This led to a major problem for the operating system software (how do you maintain "custom chaos"). Some standards were created for some things (APM, etc.), but they really didn't cover everything needed and are not outdated. ACPI was created to fix this.
Ideally, what was (and still is) needed are standards that allow the operating system to discover and use supported features on the motherboard. For example, "standardized chassis and fan temperature measurement device" (with support for determining the number of fans, temperature sensors, etc.) Or "standardized processor speed / power consumption", standard "PCI-IRQ routing for IO APIC", "standard hot-plug PCI controller device "and so on.
However, ACPI has not provided useful standards that hardware and operating system manufacturers can use.

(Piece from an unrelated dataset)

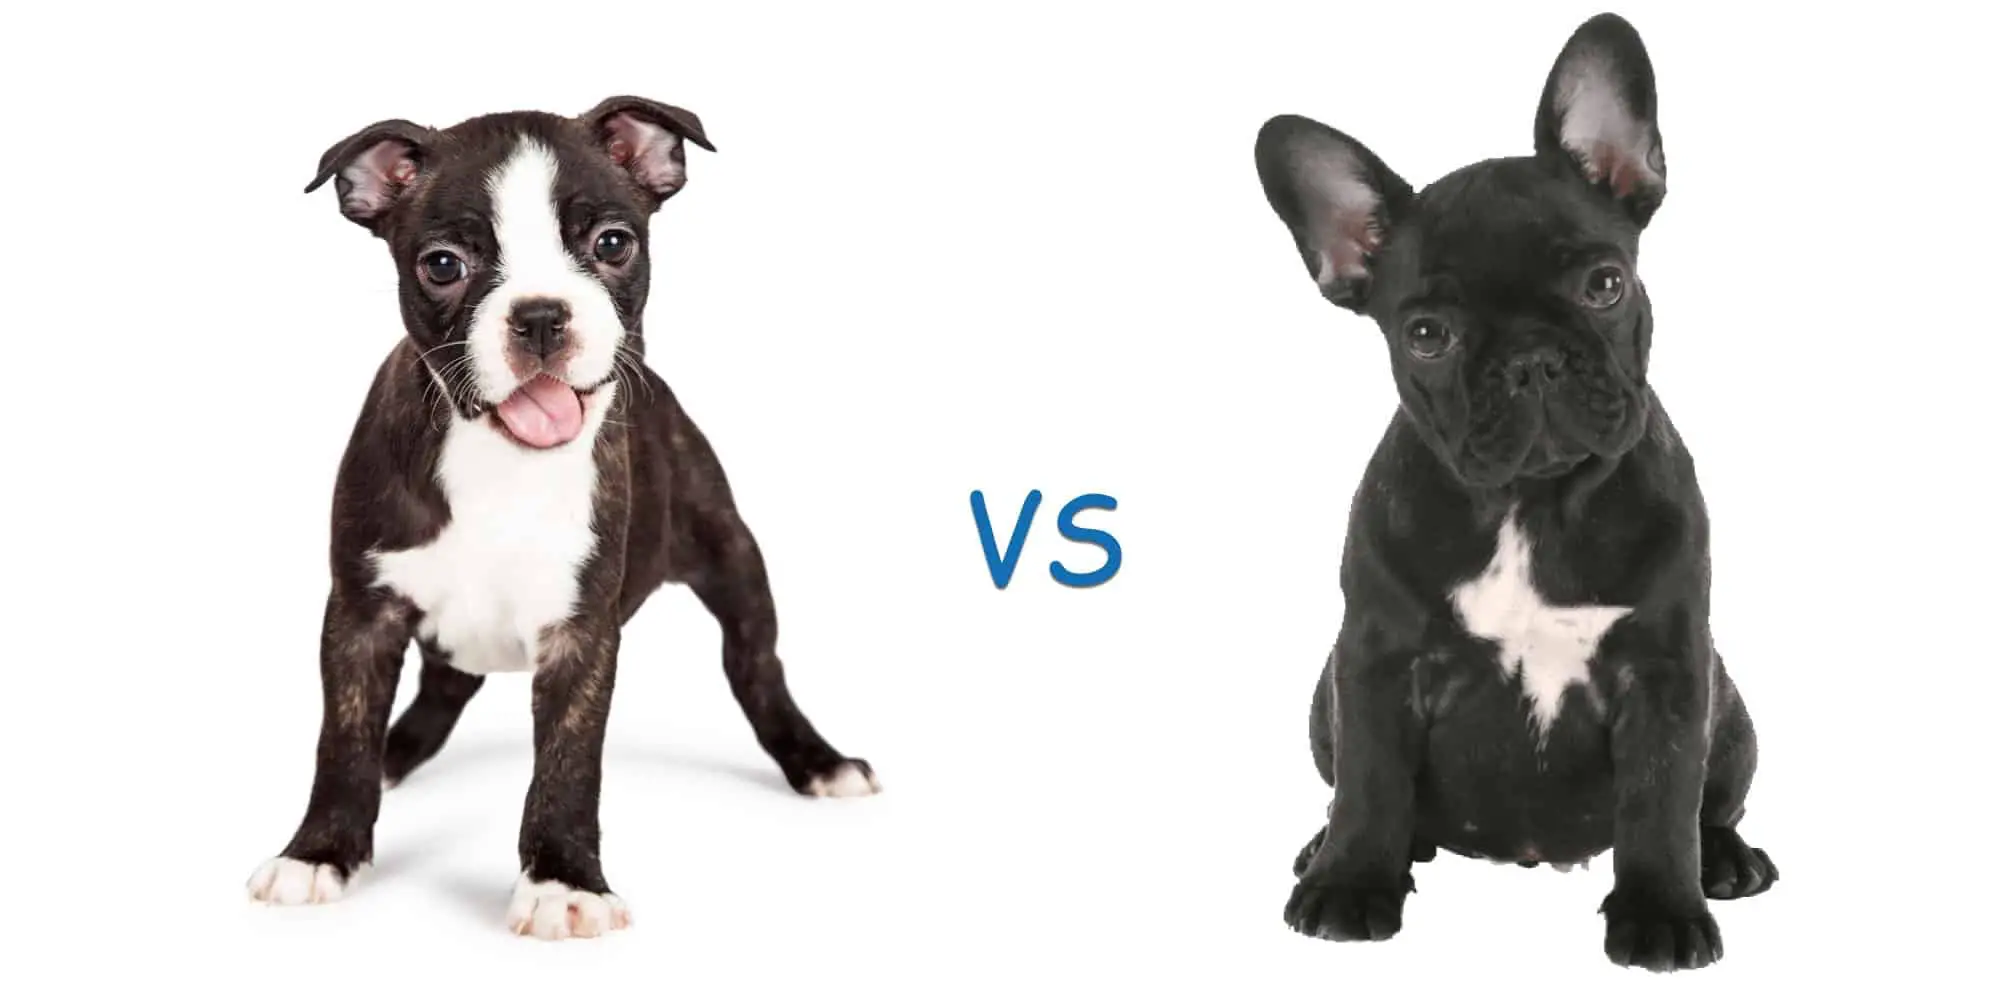 Boston Terrier vs French Bulldog - The Major Differences

Instead, ACPI provided Recycled Clutter (AML) to allow the OS to deal with ACPI failure to standardize hardware.
Essentially; we "need" AML because it is the only viable way for the OS to deal with the "substandard chaos" problem that ACPI was unable to fix.
The problem with providing native code instead of AML is that different operating systems use processors differently (for example, native 80x86 64-bit code in firmware would be useless for an older "32-bit" OS). AML provides portability between different types of processors and between the same CPU / s in different modes.

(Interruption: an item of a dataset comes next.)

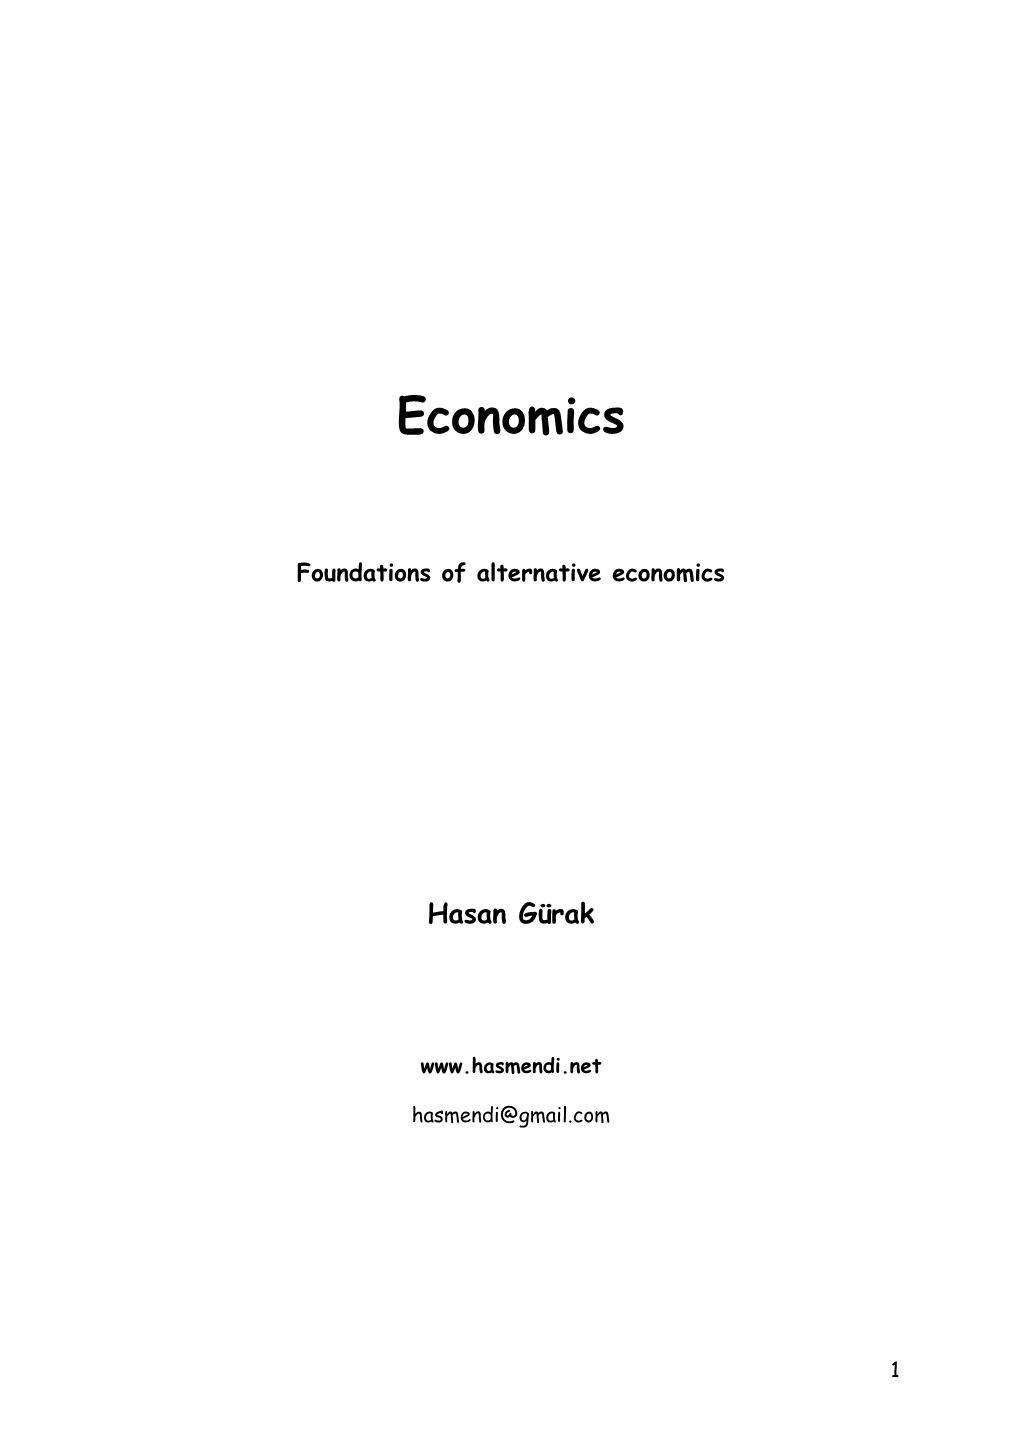 Foundations of Alternative Economics

Also; native code is considered a major security issue (rootkits, etc.); and people tend to think that interpreted language mitigates this problem. Of course, in practice, AML requires too much access to the underlying hardware and does so in such a way that the OS cannot verify, and even the OS cannot determine if the AML was maliciously modified before the OS booted. For these reasons, AML is still a major security issue despite the use of an interpreted language.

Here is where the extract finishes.